Despite becoming something of a savior to the gas-guzzlers, Max is anything but a Christ figure.  In fact, he isn’t much of anything now that he’s quenched his thirst for revenge.  He merely wants enough gas so he can be on his way and the fact that the film makes it fairly explicit that Max has literally nowhere to go makes him, and the film, infinitely more interesting.  In this post-apocalypse, he shares neither the hope for a bright future nor the hatred necessary to devolve into barbarism as exhibited by the Alice Springs chapter of Sadomasochists Anonymous, but rather embodies the purely instinctual desire for survival.  Devoid of any need for human connection or communication, Max oddly enough represents the realist stuck between two opposing extremes.

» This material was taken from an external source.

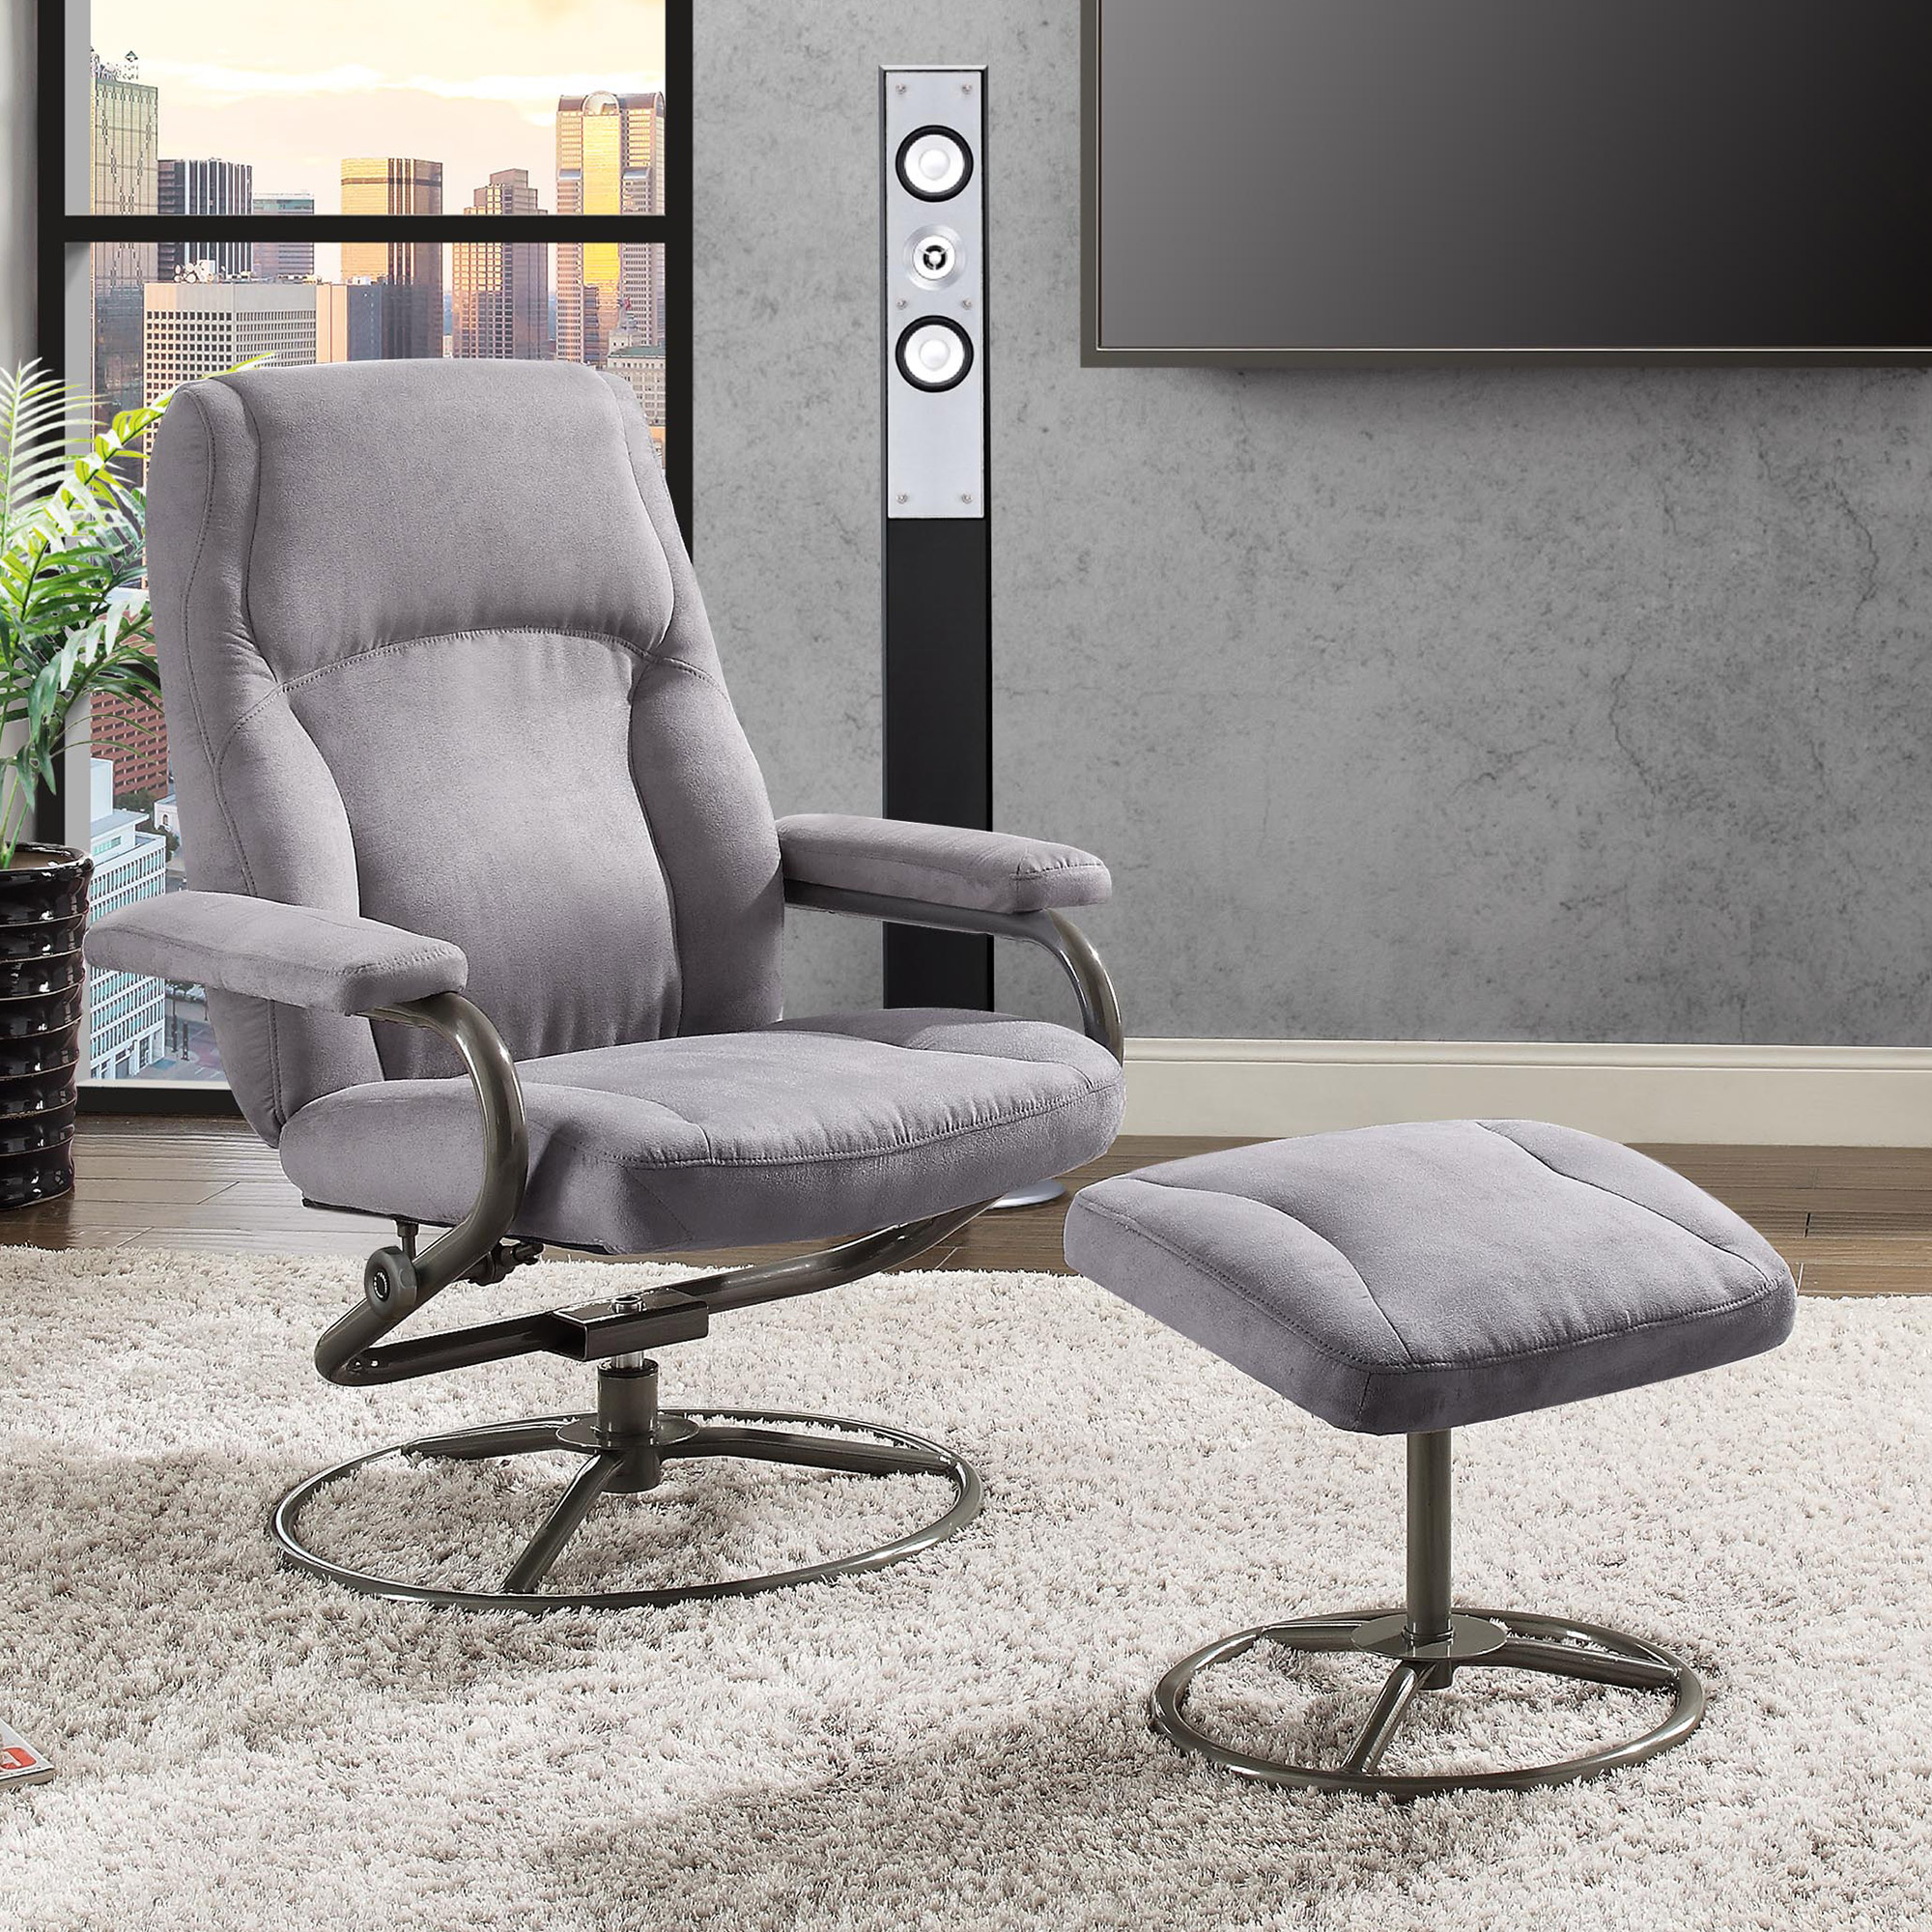 Mainstays Plush Pillowed Recliner Swivel Chair and Ottoman Set, in Gray - image 1 of 4

Considering that while Humungus and his band of miscreants have been offed by film’s end, the “white militia” will surely face similar threats tenfold so the dream of actually reaching the coast is feeble at best and more than likely as delusional as Sam Lowry’s magnificent fantasies in Brazil, whose fate I wager they share.  The explosion of their home near the end of the film can be interpreted as a hopeful beginning of a journey towards regeneration and a new and better place, but realistically, it represents the impossibility of achieving stability and the notion that home, in this new world of there’s, is now a transitory concept; one that can only exist peacefully when confined to the imagination.  It is Max alone, the embodiment of objective, unemotional rationale who meets the brutality of this world head on, realizing that greed has destroyed the potential for anything more than fleeting happiness, so he is left like a hamster on a wheel to drive and survive since that is what his base instincts demand of him.  The film doesn’t necessarily side with his worldview nor does it push it upon the viewer, but that it’s presented in such a way that takes nothing away from the sheer spectacle of the film and its mesmerizing set pieces speaks to the skill with which Miller mixes genre tropes with social commentary.  Nihilism has never been so fun!